Yeah, so my sixth year is... So basically, AI is not going to be the hot thing. And what I mean by this is the same way we started this episode, in many ways, talking about how Web3 was the thing everybody talked about the whole time, and so we had to can it. It's pretty clear that I think Web3 gave way to AI now being the cool technology du jour that a ton of money gets thrown into.
And so I'm not saying AI won't exist or won't be useful or whatever, But the cycle will have finally happened where some other thing becomes the thing that you just get a blank check for having a vague association of an idea of what a company might do in that space.
I would like to say that VR is very upset that it doesn't even merit a hype bubble. It's like, yo, I was a hype bubble. Facebook renamed themselves for me. It's like, no, sorry, VR. You don't even merit Steve's shortlist straight from Web3. Okay.
So you are asking the comments like, what's the other thing? And I'm explicitly not, I have no idea. I am not a fashion predictor.
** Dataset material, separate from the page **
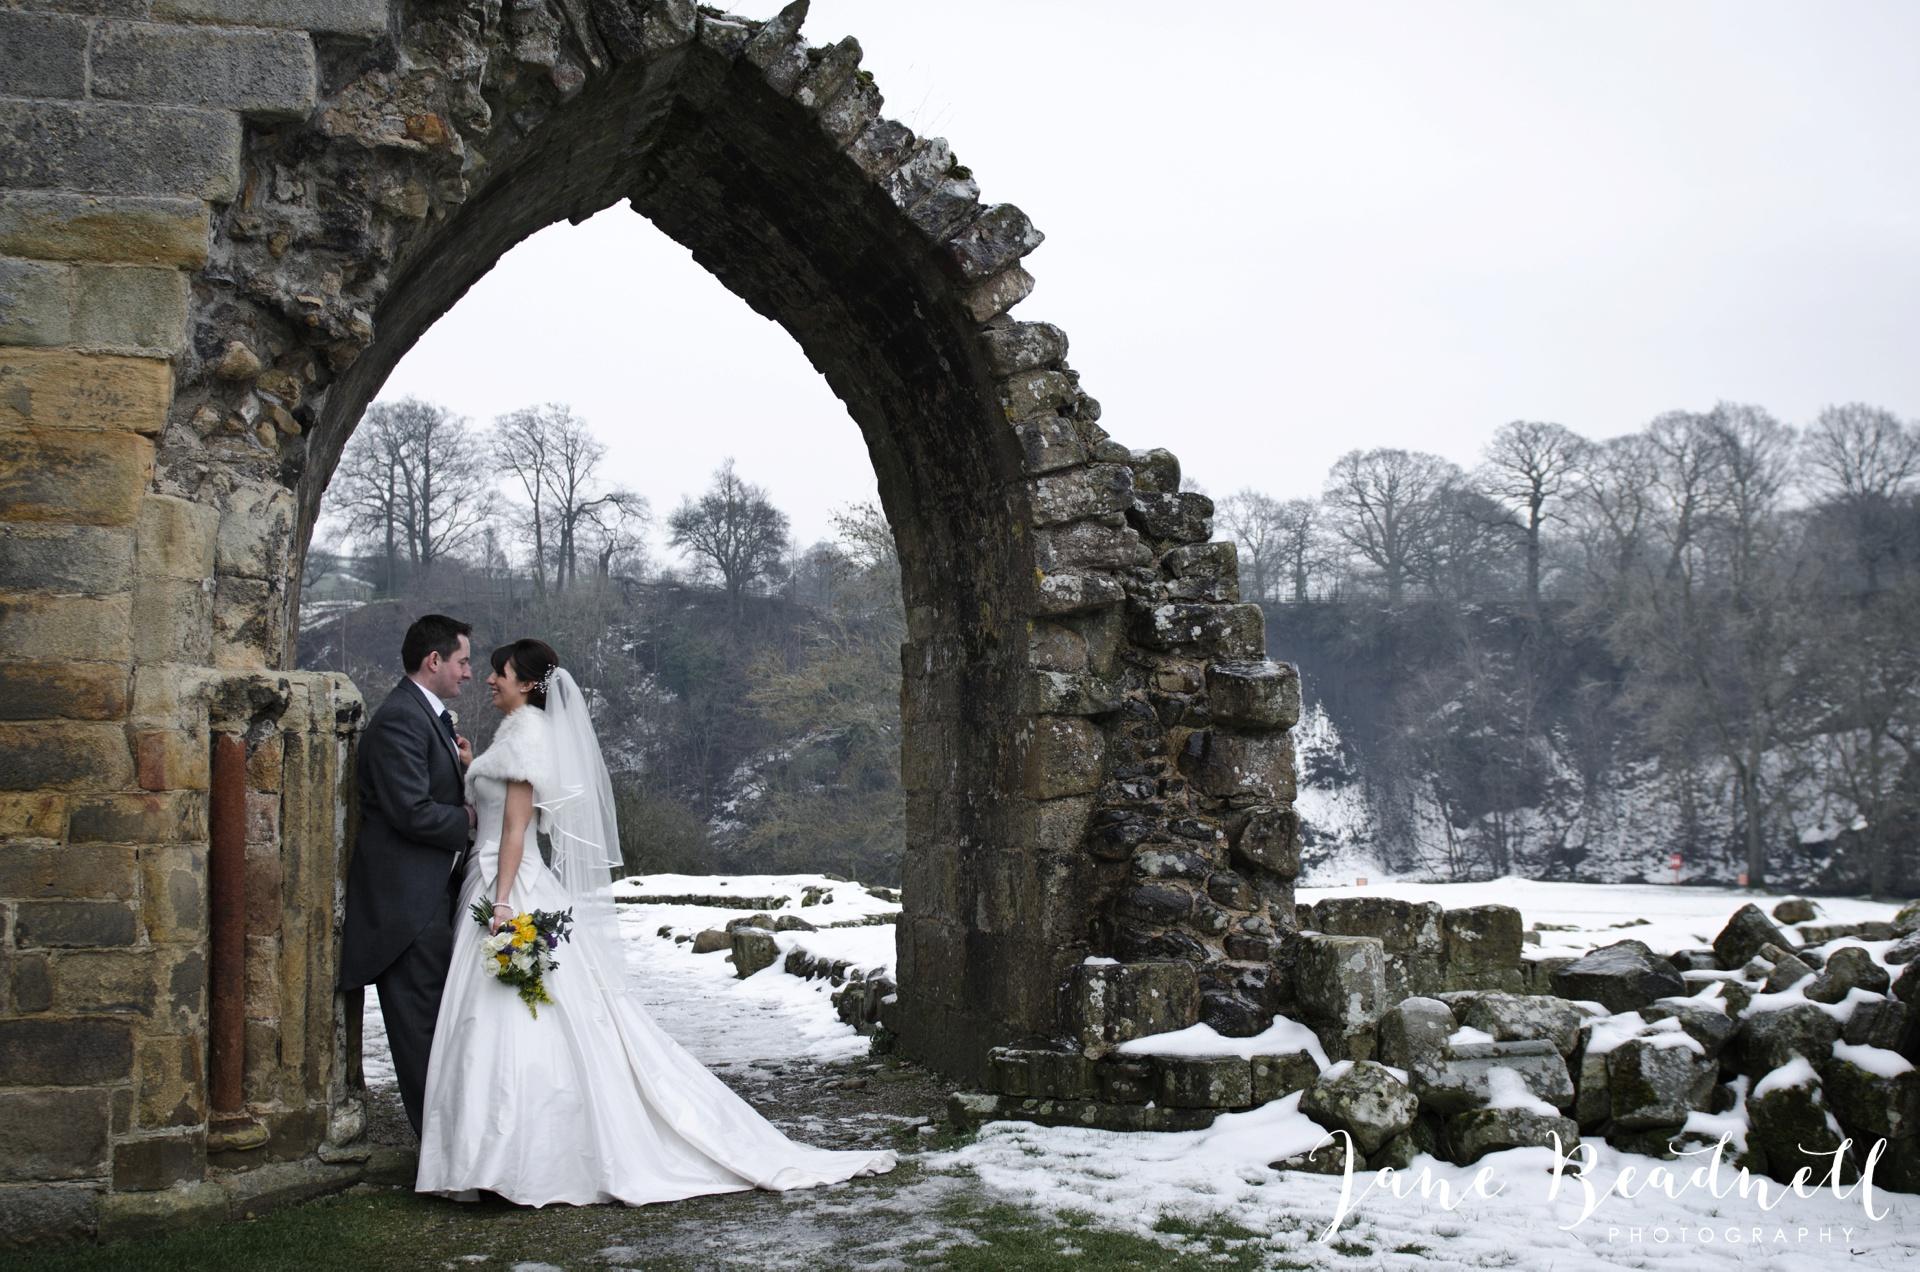 creative wedding photographer Leeds Jane Beadnell wedding photographer_0003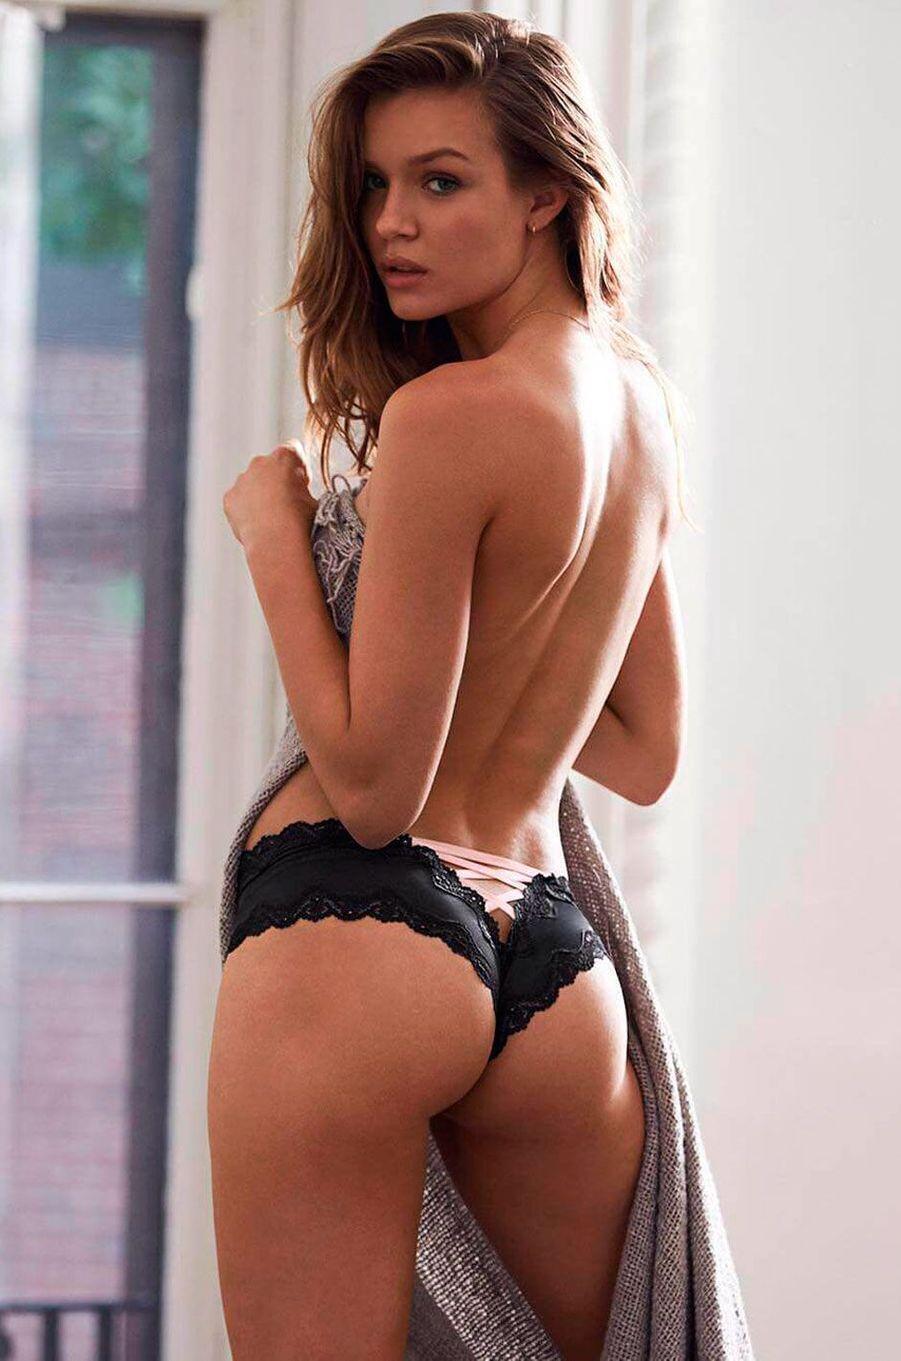 Josephine Skriver défilera pour la maison Victoria's Secret cette année

I have no idea what will be the next thing. Just that something will be.
that uh we will i you know i feel we also had a three-year prediction in uh 2022 that that we will have moved on to it there will be a new hype boom and maybe it was for a six year and i i when i was listening to the time anyway i'm like oh my god we we uh we didn't realize that it was going to be ai that was going to be that that next boom um all right uh steve do you have a
Do you have a six-year? I did. It wasn't very bold, though, and got taken in the three years because it was Intel out of the foundry business. No, I honor your foundry business. I had them out of the foundry business. In six years. So you think it's going to take a while. And then small enough to be acquired in that same six-year period.
Okay, so I've got a couple questions for you. One thing I was thinking about in terms of an Intel that's split up, who is left with the Intel name? Does anyone want the Intel name or has the brand been so tarnished at this point that they all give themselves chat GPT suggested names to avoid calling themselves Intel? Yeah, that's a good question.
I think AMD buys it and puts it in their down market brand.
No. It's like, I'll take Oracle over AMD. Oracle buying the design side now. Yes. So not the foundry side. That's right. Oracle buying the design side. Over AMD. What do you think happens to Hibana? Because I actually did wonder, you know, we had talked about this a couple episodes ago, whether I wondered if Meta or Microsoft or someone else would actually try to buy Hibana.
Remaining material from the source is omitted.